Je ne voulais pas arrêter de la caresser, mais je voulais sentir son corps contre le mien. J’ai enroulé mes bras autour de son torse chaud et l’ai tirée vers moi. Alors qu’elle roulait sur le côté et se tortillait contre moi, j’ai enfoncé mes doigts dans la misérable chemise que Rich portait encore et je l’ai tiré derrière Gaëlle, la coinçant entre nous. Elle a aimé ça, on pouvait l’entendre dans son gémissement et dans la façon dont sa respiration s’est accélérée. J’aurais bien aimé essayer, mais on ne peut pas tout avoir en même temps. Malgré tout, j’obtenais le contact de tout le corps dont j’avais envie, pressé contre le corps de Gaëlle qui se tortillait, du petit nez mignon aux jolis orteils peints en rouge. Et en prime, je n’avais qu’à tendre la main pour caresser le côté ou le cul serré de Rich.

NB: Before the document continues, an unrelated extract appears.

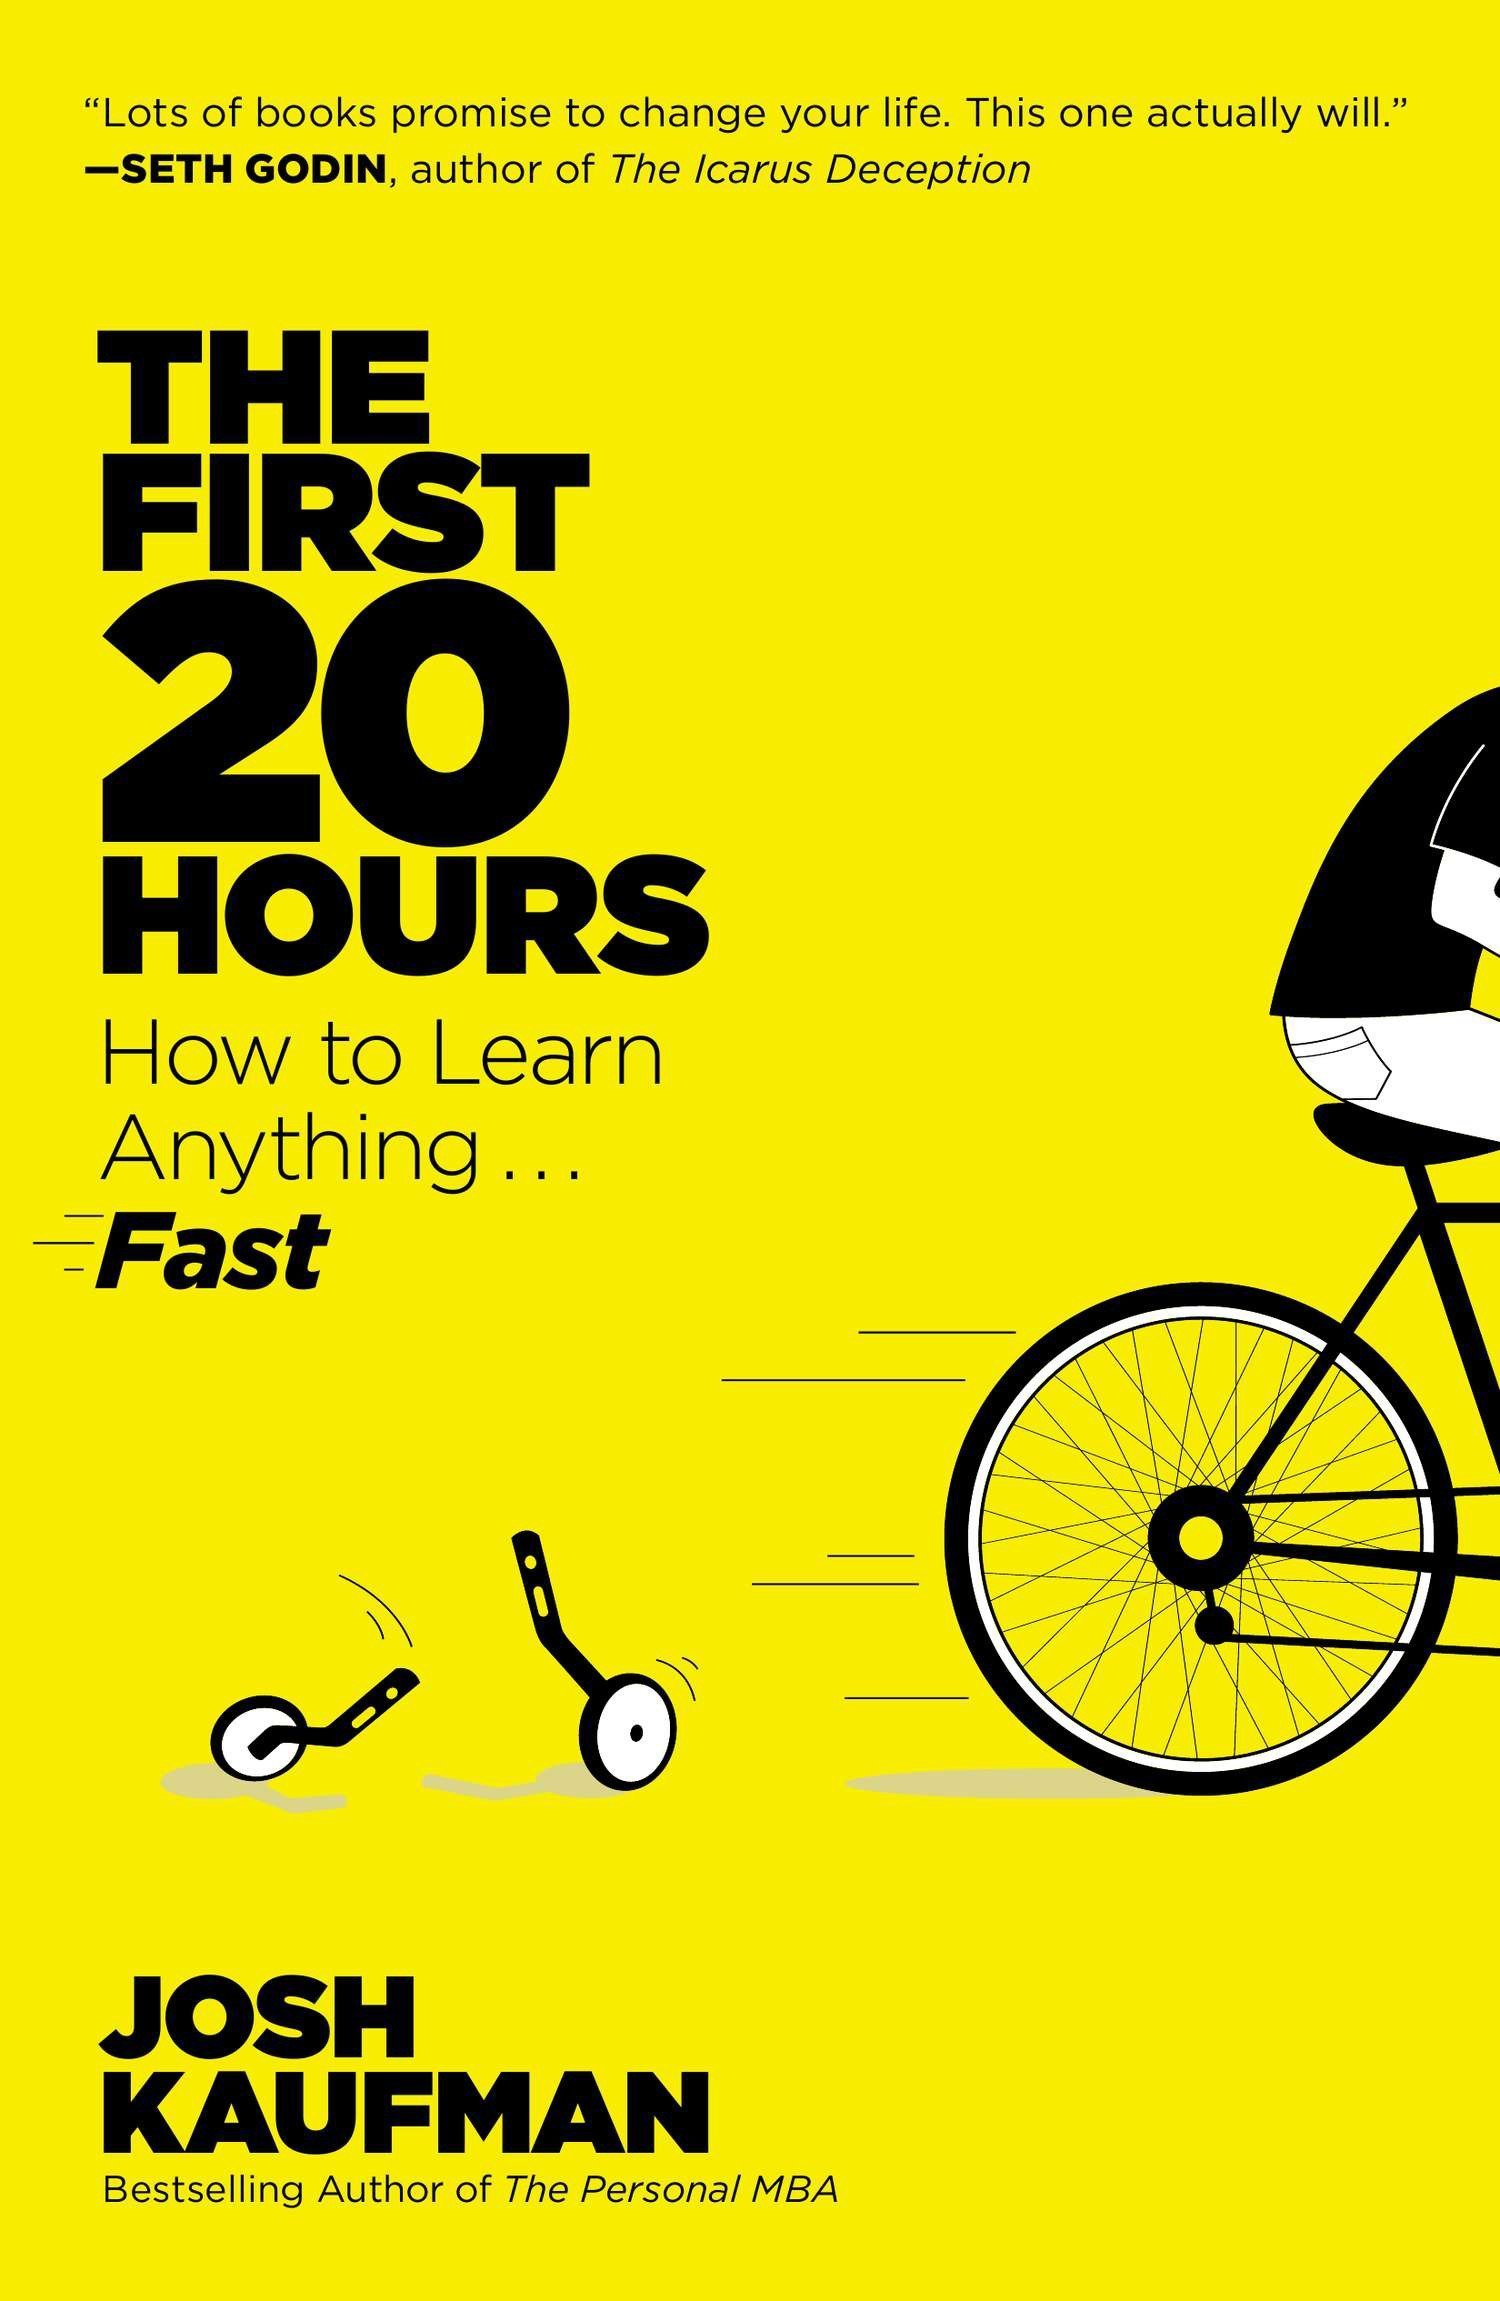 The First 20 Hours: How to Learn Anything...Fast

J’ai glissé ma main autour de la douce croupe de Gaëlle et j’ai trouvé l’endroit où Rich se frottait à sa cuisse. J’ai donné plusieurs coups à sa queue pour lui donner une idée de ce que je faisais. Je ne sais pas s’il a compris le message, mais il a passé ses bras autour de nous deux, aussi loin qu’il le pouvait, me rapprochant de Gaëlle et rapprochant Gaëlle de lui. J’ai écarté la bite impatiente de Rich et j’ai commencé à enlever la culotte de Gaëlle. J’ai tout juste réussi à commencer le processus sans aide. Avec beaucoup de tortillement et de nombreux rires, Gaëlle a finalement réussi à les enlever.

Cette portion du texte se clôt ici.